Infectious diseases became a re-emerging contemporary global threat to human health with millions of infections and thousands of annual deaths due to antimicrobial resistance (AMR)[1]. AMR is growing at a faster pace than either discovery of new drugs or alternative approaches to tackle it, leaving common infections untreatable [2]. With this resurgence worldwide, the search for novel antimicrobials and alternative approaches to tackle the problem is urgently needed. Modification of existing antibiotics, rediscovering antimicrobials, repurposing antimicrobials, combination treatment, looking for untested sources of antibiotics, and searching for compounds found from chemists around the world are the possible sources of novel antibiotic discovery [3]. Plant based molecules have promising potential for the discovery of novel antimicrobials or as adjuvants in modifying existing antimicrobials [4, 5].
Among the many secondary plant metabolites, essential oils of different plant sources showed noteworthy antibacterial activity [6, 7] and resistance modulatory effect [8]. The antibacterial activities of EO are mainly attributed to the disruption of membrane enhancing the antibacterial activity of combined antibiotics by increasing their influx [9]. This could contribute significant potential in battling AMR as one of the main contributing factors to the increased resistance in bacteria is the permeability barrier caused by their additional outer membrane [3]. The EOs will infringe the outer membrane barrier restoring the activity of antibiotics. This has led to the exploration of antibiotics-EO combinations in battling the antimicrobial resistance. Studies on antibiotics-EOs combinations from various plant sources have shown synergistic activities [9]. Recently, there is renewed research focused in discovering potential novel antibacterial agents and/adjuvants from plant Eos [5].
Echinops kebericho (Asteraceae) is an endemic medicinal plant which is used for the treatment of various diseases [10]. Ethnomedicinal uses of E. kebericho have been recorded for human and livestock ailments. Reported ailments treated by E. kebericho include wound infections, toothache tonsillitis, stomachache, gonorrhea, respiratory manifestations, febrile illness, lung tuberculosis, trypanosmiasis, typhoid, tonsilitis, tooth ache, typhus, common cold, cancer, hypertension, colic, cough, and malaria [11–17]. It is also used to treat scabies, headache, cough, fumigation during childbirth, and mosquito repellent [12]. It is formulated as a water decoction, infusion, smoke inhaled, orally chewed, and topical sprayed to affected area [13, 15–17]. Echinops kebericho was also reported to be used in veterinary practice where root tubers are powdered and mixed with water and given for black leg disease, respiratory manifestations, liver disease, and skin infections [18]. Previous studies revealed flavonoids, alkaloids, triterpenoids, resines, saponins and steroids [19, 20] as components and dehydrocostuslactone is also identified [20–23].
The extracts of E. kebericho exhibited a wide range of pharmacological effects including anti-helminthic, antibacterial, antifungal, antidiarrheal, anti-spasmolytic and antimalarial activities. The methanolic root extract and EO showed relatively strong effect [24, 25] which established a scientific basis for therapeutic uses of E. kebericho. In vitro and in vivo studies have confirmed the ethnomedicinal use [19, 26–28]. Antibacterial activities from crude extracts [24, 29, 30] and EOs [25] were reported. Ivan reported anti-mycobacterium activity against Mycobacterium smegmatis and significant antimicrobial resistance modulatory effects [22]. Significant activities were reported against fungi (Aspergillus flavus and Candida albicans) [24], malaria parasite (Plasmodium berghei) [19], Leishmania [26], earthworm [31], and Trypanosoma [32]. Echinops kebericho extract produced a dose dependent reduction in intestinal propulsion and mean defecation comparable to loperamide [27] and EO produced dose-dependent mosquito repellent activity [33] and moderate larvicidal activity [34]. .

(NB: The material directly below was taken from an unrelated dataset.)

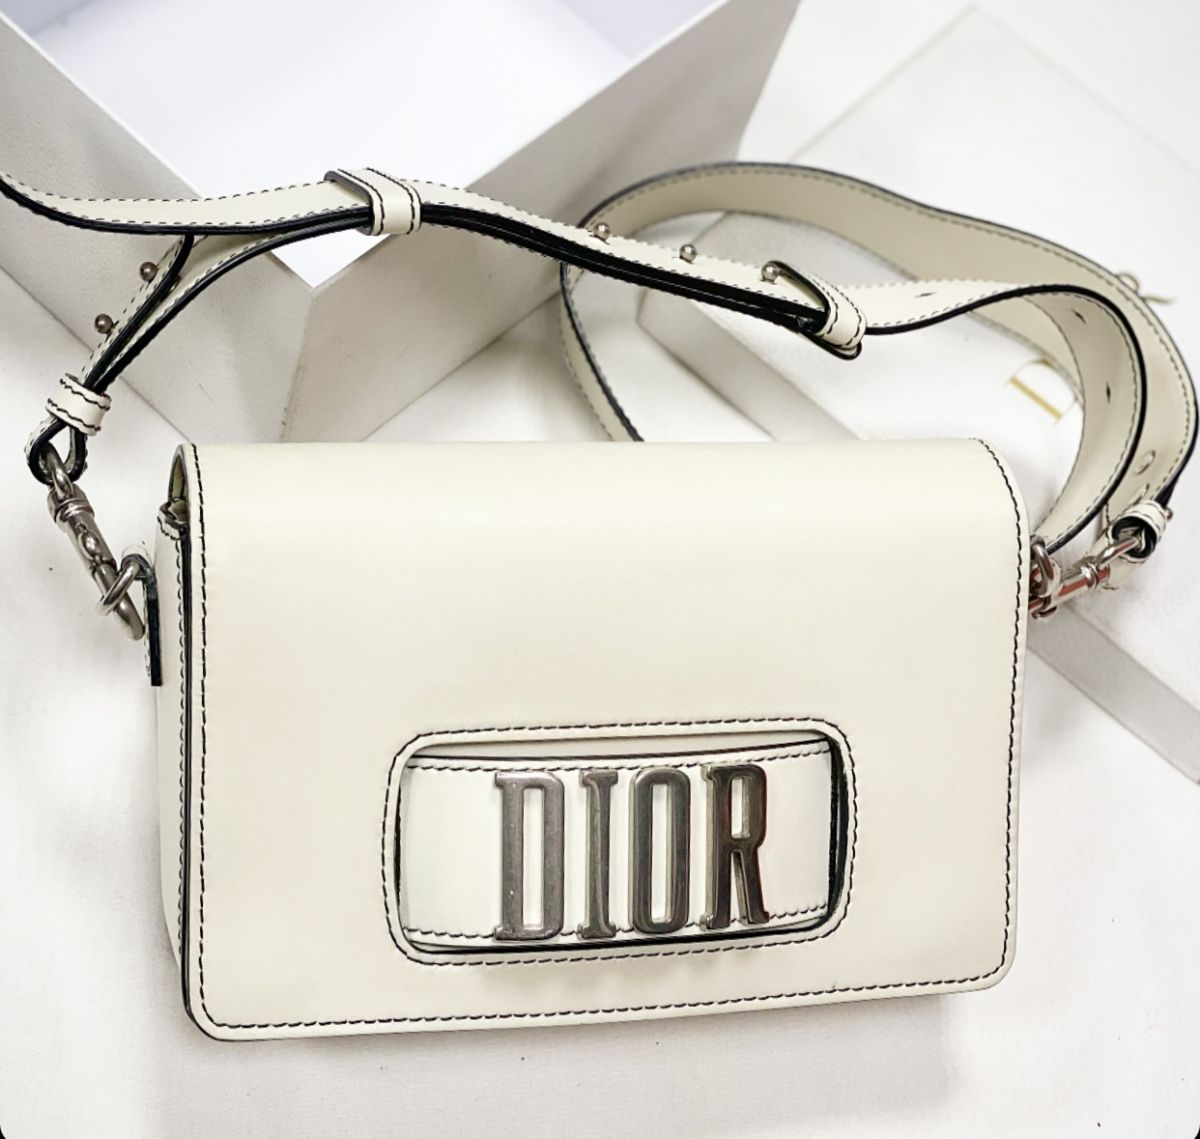 Сумка Christian Dior размер 25/15 цена 107 693 руб 

However, the antibacterial activity to different multi-drug-resistant strains and various solvent fractions have not yet been studied. The spectrum of activity and most active component of the extract were not elucidated. Herein, we have determined the antibacterial activity of essential oils and fractions of crude extract to eight strains belonging to five species of bacteria aimed at determining the spectrum of activity and identifying most susceptible strains and paving a way for isolation of most active components against most susceptible strains.